Friday, May 18, 2012

Learning from Matthew

 Matthew study starting in June at TFC; notes about the ESV.

Attention Bible quizzers! Just because its summer, doesn't mean that you can't get a head start on next year's material. Here's some need-to-know information about our upcoming quiz season.

1. This season covers the Gospel of Matthew

Don't just memorize; learn it and live it. 
In our Summer in the Parks at TFC, we will be looking at the book of Matthew chapter by chapter. Adam will be working together with student teachers to examine the themes and lessons that set Matthew apart from the other gospel accounts.

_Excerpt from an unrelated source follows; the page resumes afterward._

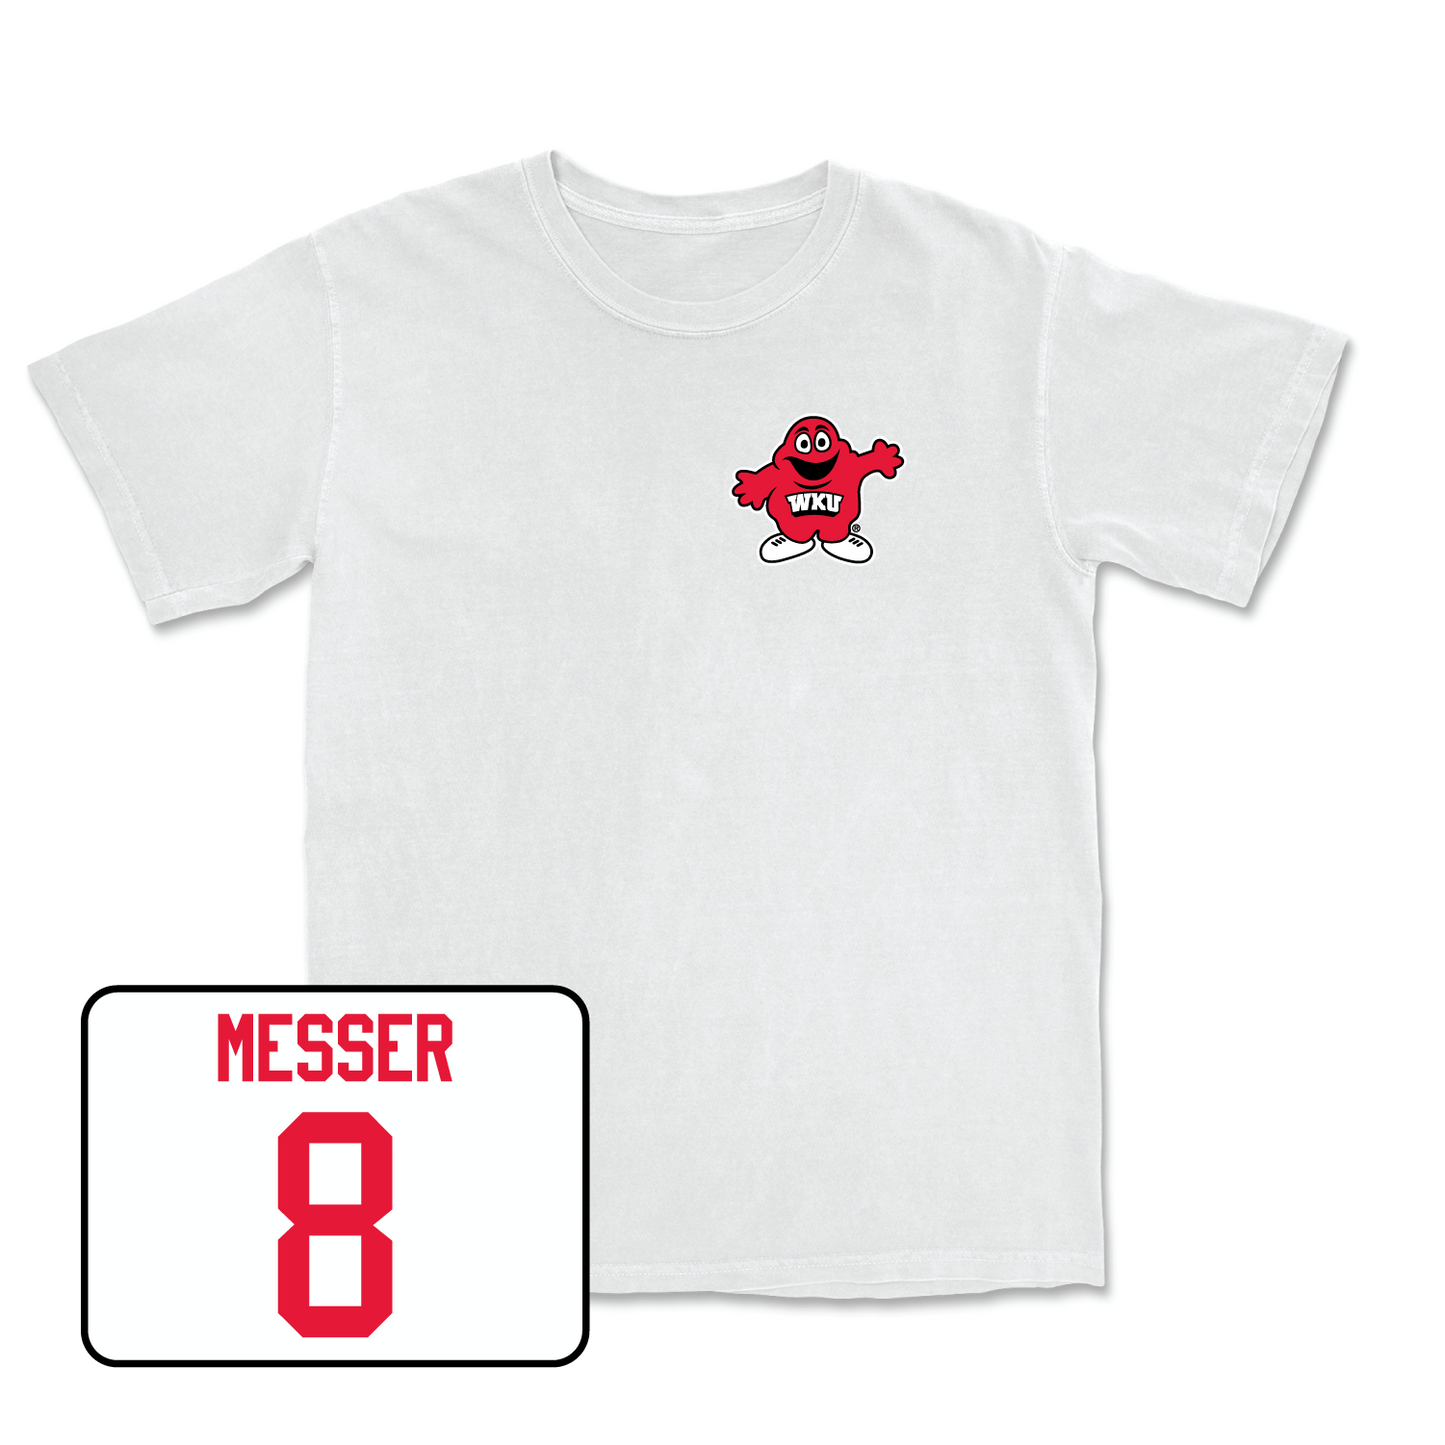 White Football Big Red Comfort Colors Tee 2 2X-Large / Easton Messer | #8

The series starts June 4 at Riverside Park in Everson, and we'll be at a different park each Monday night. Even if you aren't ready to start memorizing yet, this is a great opportunity to understand Matthew like you never have before!

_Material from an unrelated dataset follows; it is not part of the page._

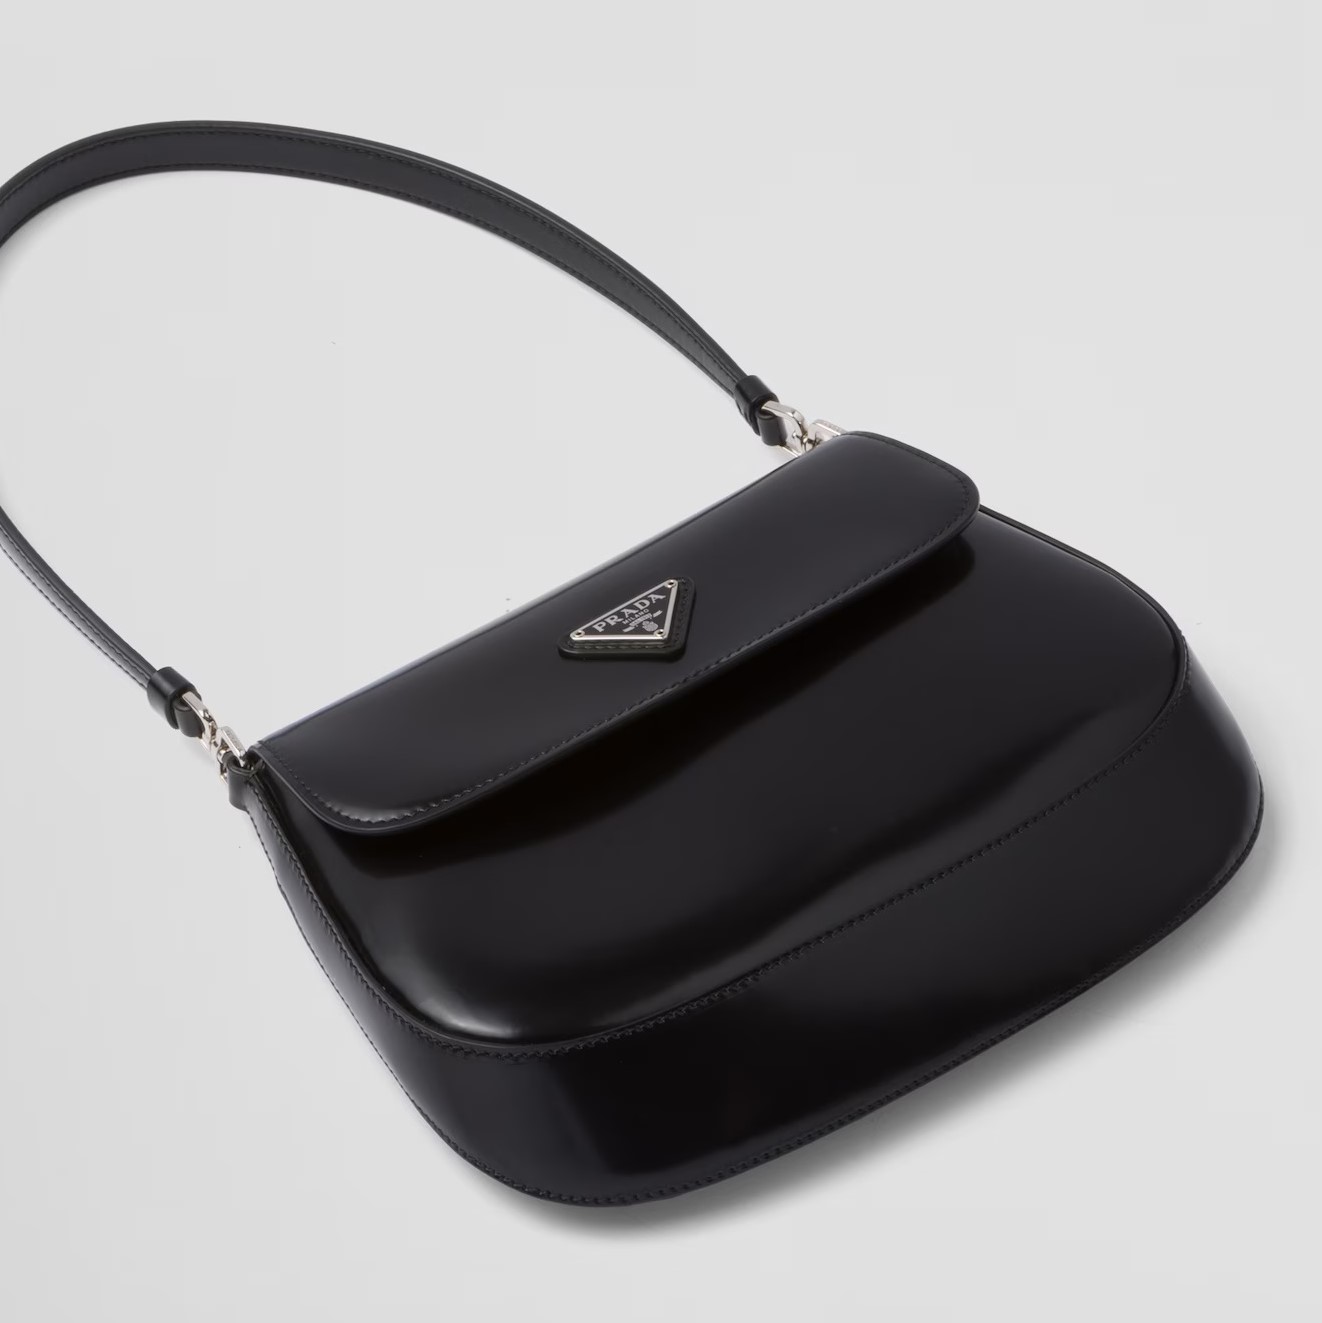 TÚI XÁCH PRADA CLEO BRUSHED LEATHER SHOULDER BAG WITH FLAP 11

Already prepping for fall?
Here's what we'll quiz on for the Kickoff Retreat on Sept 7-8 [edit] Sept 14-15:
  • First-time quizzers: Matthew 4 (25 verses)
  • Returning quizzers: Matthew 5 (48 verses)
The schedule for the rest of the season is posted at

2. We're switching to the ESV!

Why the change?
The NIV has never been a strict word-for-word translation. Since Greek words and idioms often don't really have an English equivalent, the translators thought it more important that the ideas be understood, and so they used a thought-for-thought (or, "dynamic equivalence") philosophy of translation.  Following this translation style, when they revised the NIV in 2011, they included some changes to make some wording more gender inclusive -- for example, using "all people" instead of "all men," or "brothers and sisters" rather than simply "brothers."   The NIV translators may have honestly tried to reflect what the original writers meant; but the fact is, they changed or added words that aren't actually in the original language, and sometimes this can change the meaning as well.

The Bible Quiz Fellowship committee feels this takes the "thought-for-thought" style too far, and it's important to preserve the original, inspired words that God recorded through the biblical authors.  With that (and some secondary reasons) in mind, the BQF committee voted in May 2011 to adopt the English Standard Version, which is much closer to word-for-word translation.  You can learn more about the decision from the statement on the BQF website.

2011 Edition
When you start studying Matthew, make sure you use a 2011 edition of the ESV by looking at the copyright date at the front of your bible. Or, just pick up a quiz book at the TFC office for $6.

Older versions of ESV (2001 or 2007), are a little bit different. Not much -- just a word here and there -- but it will be enough to throw off your word-perfect memorization for quizzing. If you already have an older ESV you'd like to study from, you can download and print this list of changes.